The order of the $k$, $i$, $j$ loops is important. The outermost loop has the following invariant: for each $i$, $j$, $delta[i][j]$ is the cost of the cheapest path from $i$ to $j$, among the paths which only go through vertices previously considered as $k$ on the way. (This algorithm is often considered a dynamic programming algorithm -- after each $k$ we have a partial solution.) This invariant holds when no $k$ was considered yet (i.e., we know only about the direct paths). It is sufficient to prove that, if the invariant holds before the iteration, it also holds after the iteration (we then know that, after the loop ends, $delta[i][j]$ is the cheapest path from $i$ to $j$ without any restrictions). The cheapest path from $i$ to $j$ which could only go through vertices 0, 1, ..., $k$ either does not actually use $k$ (then $delta[i][j]$ already knew this path before the iteration $k$), or it does, which means that it is a combination of some path from $i$ to $k$ going through only $0,...,k-1$, and some path from $k$ to $j$ going through only $0,...,k-1$ -- the length of the shortest such path is $delta[i][k]+delta[k][j]$, so our algorithm will find it.

The Floyd-Warshall algorithm runs in time $O(n^3+m)$ and memory $O(n^2)$. We could also use the Dijkstra algorithm $n$ times -- the running time of a simple implementation is $O(n^2 + nm \log n)$. Dijkstra algorithm wins for sparse graphs (i.e., ones such that $m$ is relatively small), but Floyd-Warshall wins for dense graphs (ones that $m$ is close to $n^2$). A big advantage of the Floyd-Warshall algorithm is its simplicity -- we have to remember the correct order of the $k$, $i$, $j$ loops, though. Unfortunately, because of the rather high complexity, it cannot be used for very large graphs.

Minimal Spanning Tree problem

Suppose we have a weighted undirected graph that is connected, i.e., a path from every vertex to every other vertex exists. We want to choose a subset of edges such that: The resulting graph will have no cycles (i.e., it will be a tree) -- if it had a cycle, it would be possible to remove one of the edges on the cycle, and the graph would still be connected.

Kruskal Algorithm

For simplicity assume that every edge has a different cost.

Consider the cheapest edge $e$ in the whole graph. It is easy to see that we can safely choose this edge.

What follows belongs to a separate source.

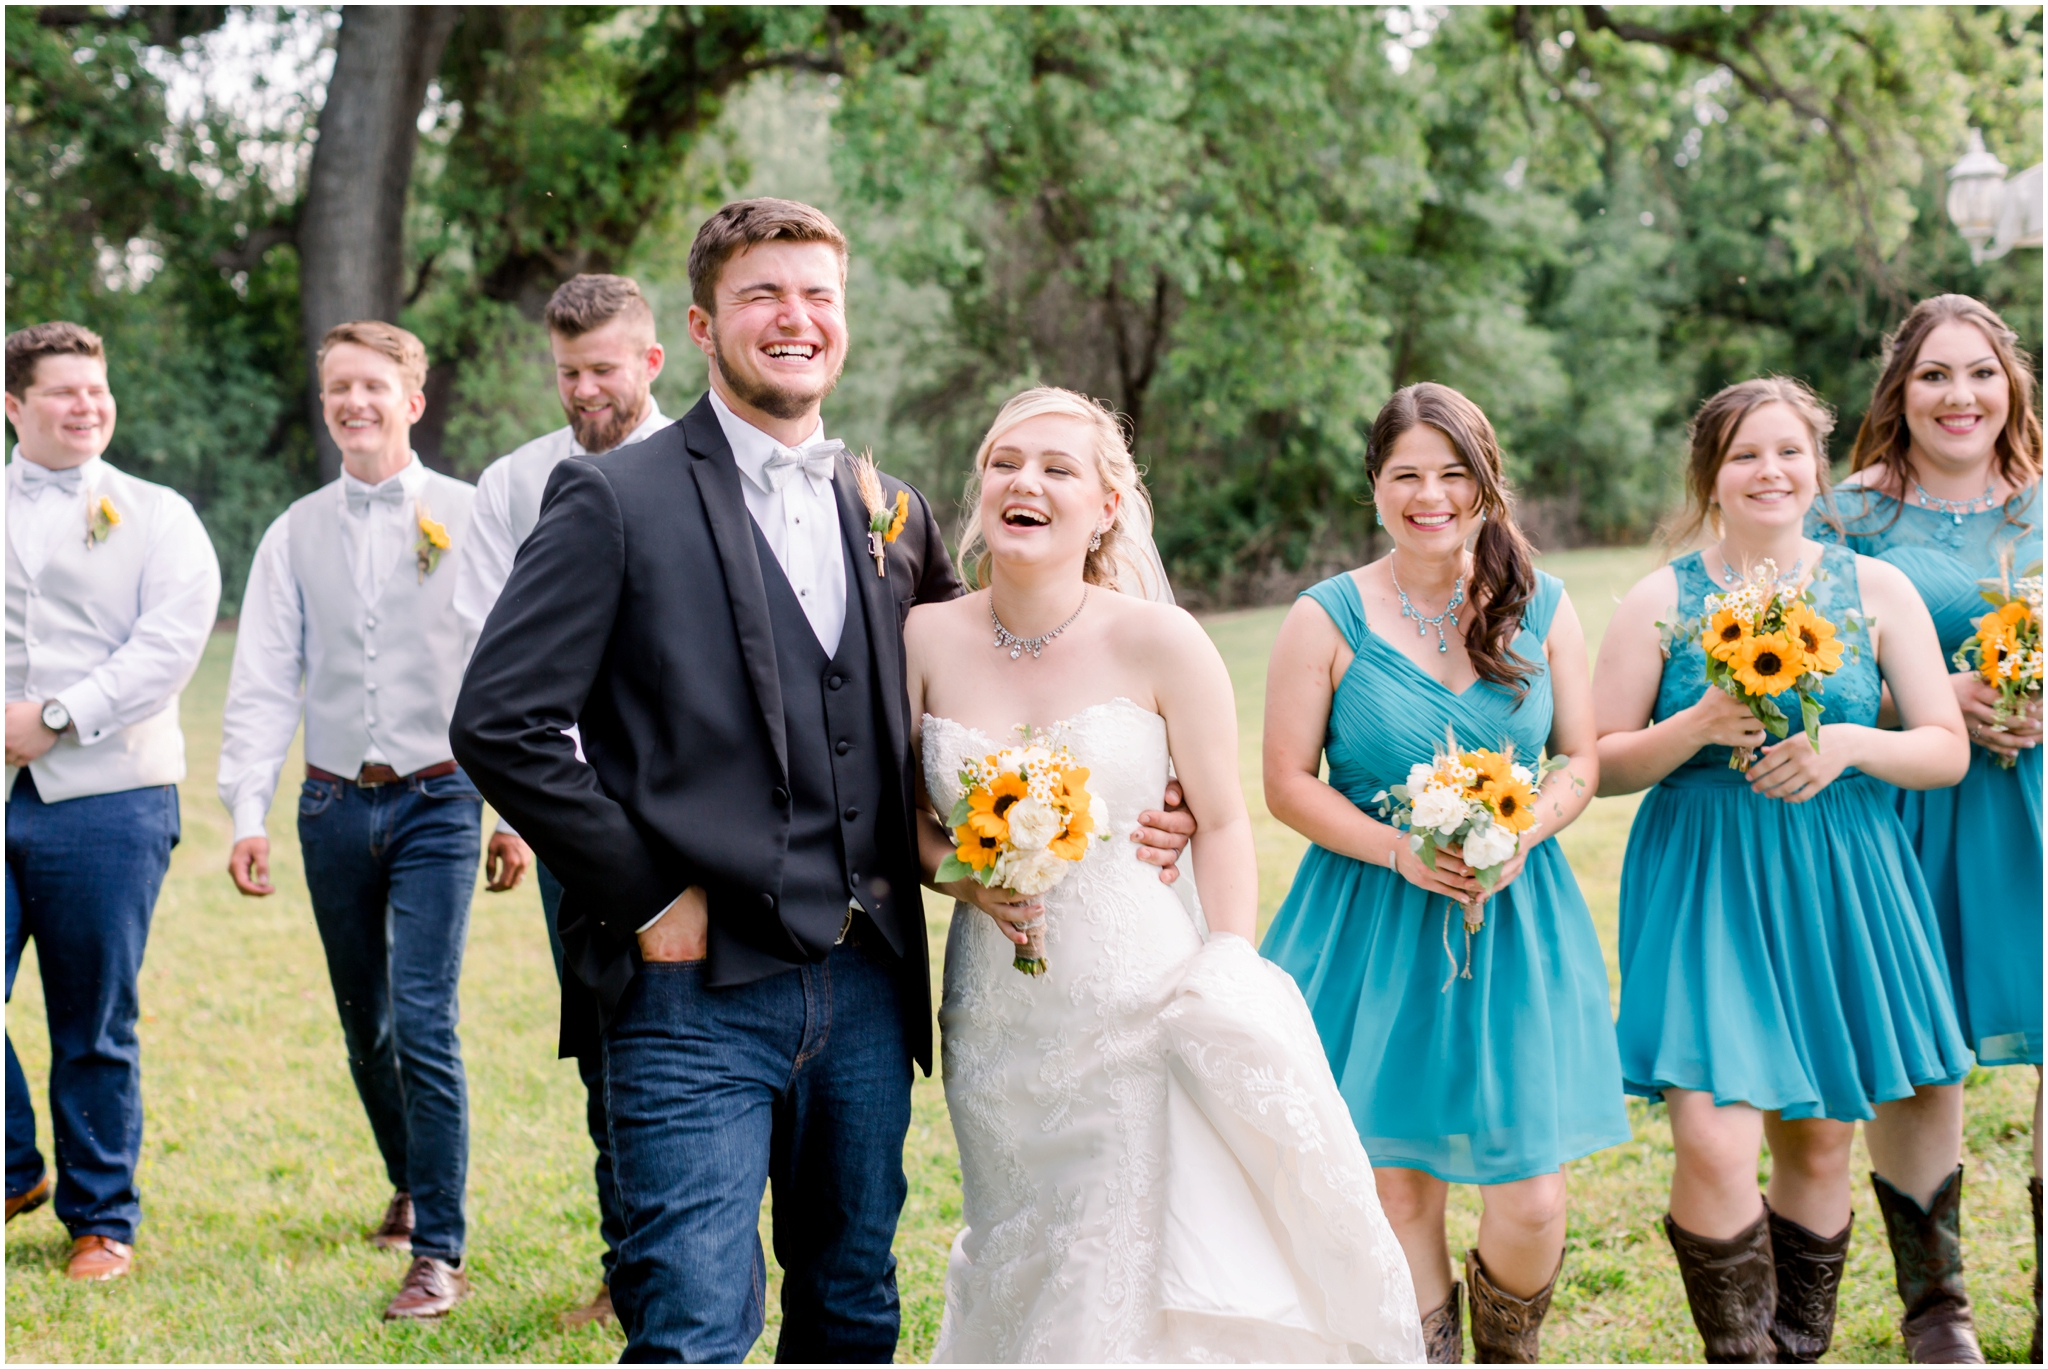 dana_josh_wedding_little_bear_creek_blog_0025.jpg

Indeed, a spanning tree $T$ which does not include this edge cannot be minimal -- adding $e$ yields a cycle; if we remove another edge from this cycle, we get a graph which is still connected, and its total cost smaller than $T$.

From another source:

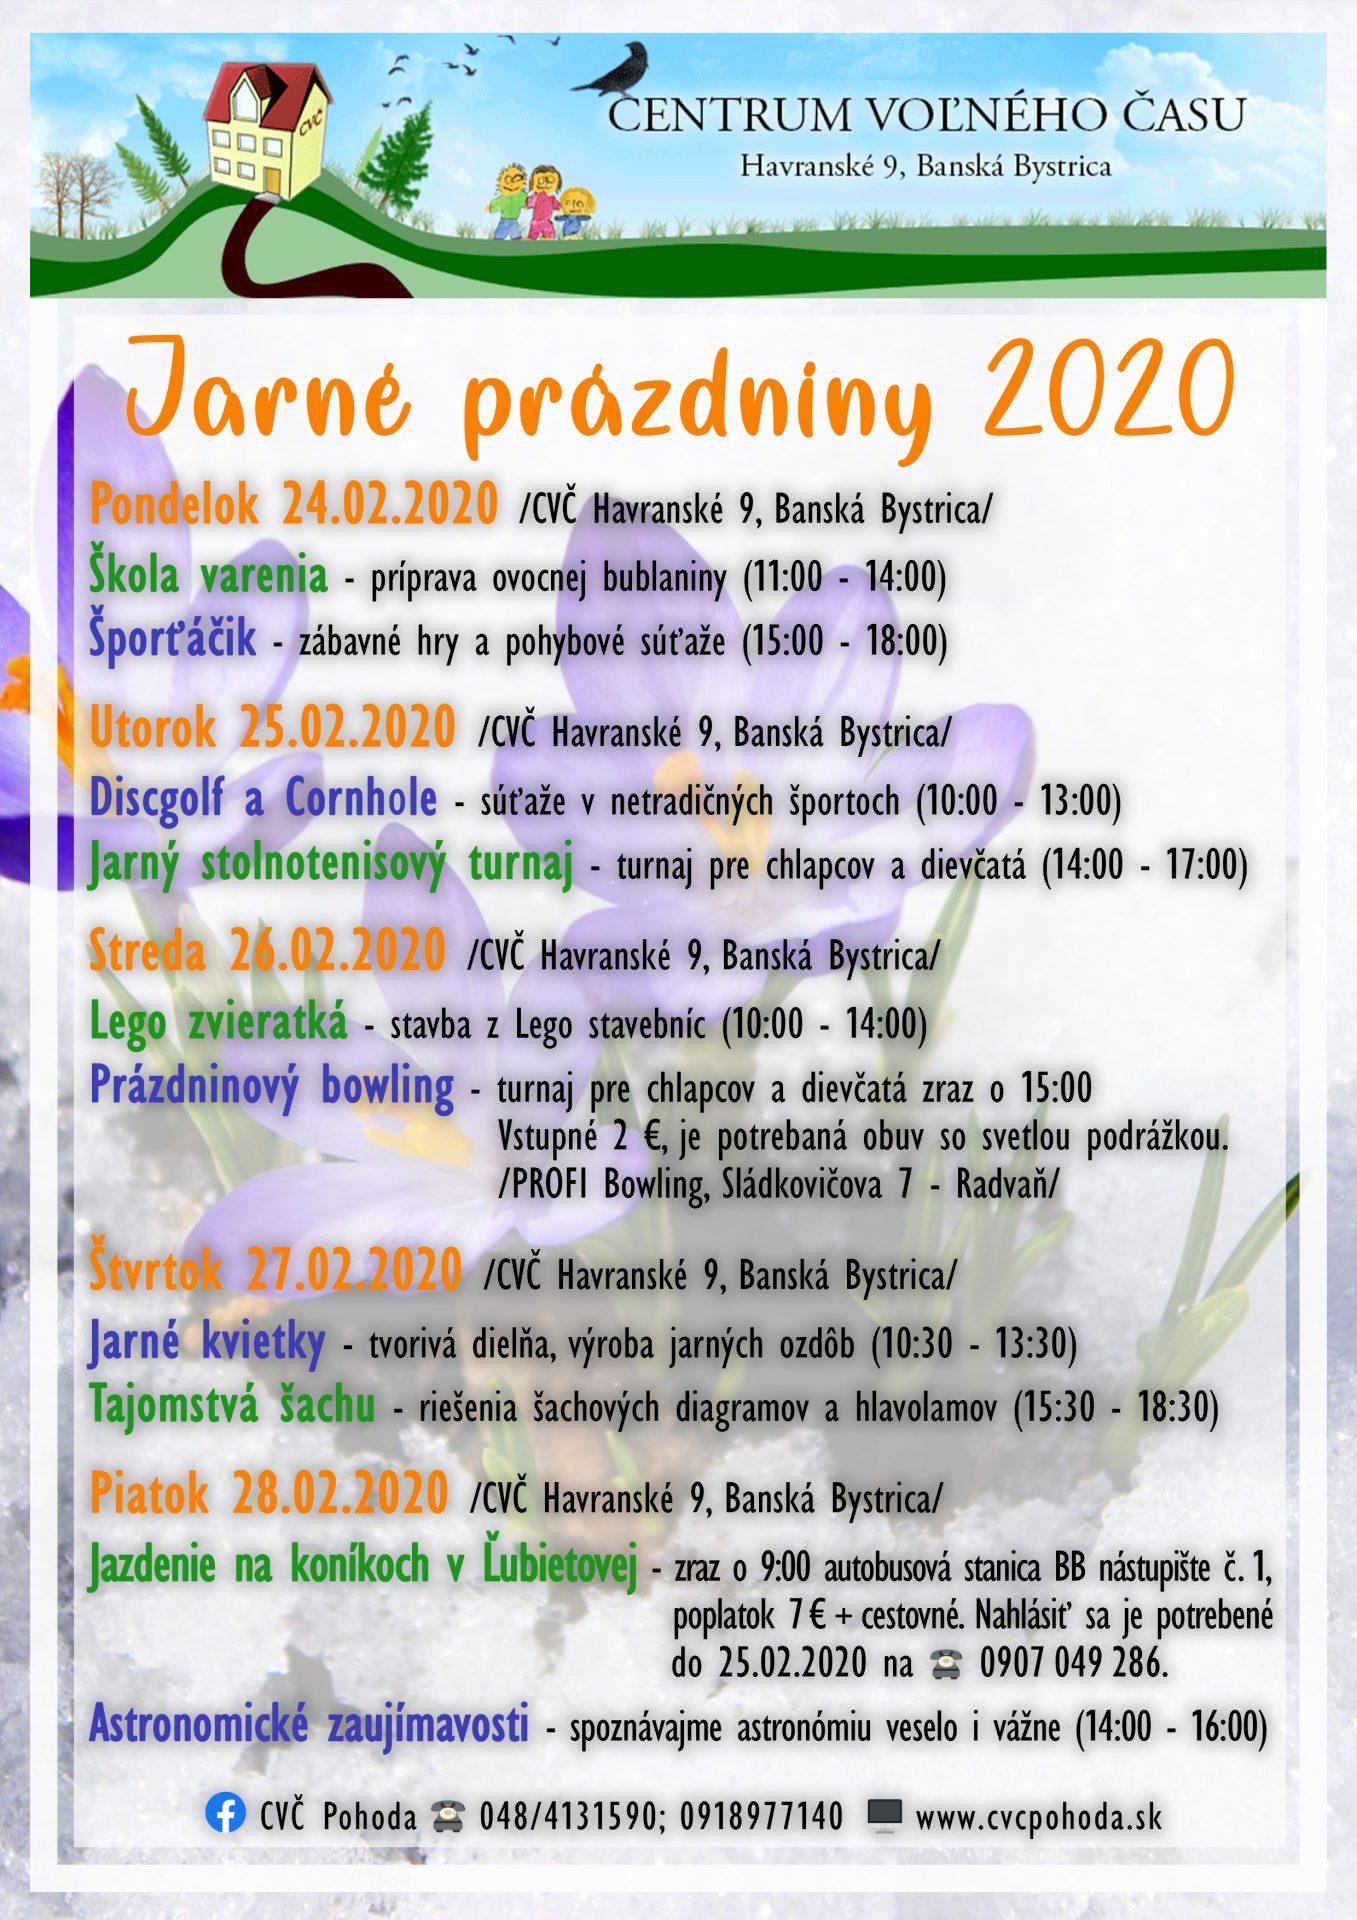 jarne prazdniny 2020

We repeat this for every edge in the graph, ordered from the cheapest to the most expensive ones. More precisely, for every edge, we check whether its two endpoints are connected -- if not, we add it (by a reasoning similar to the one above, we can do this safely).

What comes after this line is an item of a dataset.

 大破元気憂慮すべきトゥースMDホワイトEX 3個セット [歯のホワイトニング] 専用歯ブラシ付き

(General note: algorithms which always take the most promising choice are called greedy algorithms. In general, greedy algorithms can be correct or not; also, proving the correctness of a correct greedy algorithm is often difficult.)

We only need to find a way to quickly tell whether two vertices $v$ and $w$ are connected. The disjoint set data structure, also called find-union data structure, is a data structure which solves this problem efficiently. It has three operations: We can use a Find-Union structure in the Kruskal algorithm in the following way:
fu = init(N)

mst = []

for (c,s,t) in sorted((c,s,t) for (s,t,c) in edges):
  if find(fu,s) != find(fu,t):
    mst.append((s,t,c))
    union(fu,s,t)

Applications of MST

If the original graph contains the costs of connecting vertices with potential new roads, the MST can be used to find a cheapest road network which allows its users to reach every considered location. Likewise, it could be used to find an optimal communication network.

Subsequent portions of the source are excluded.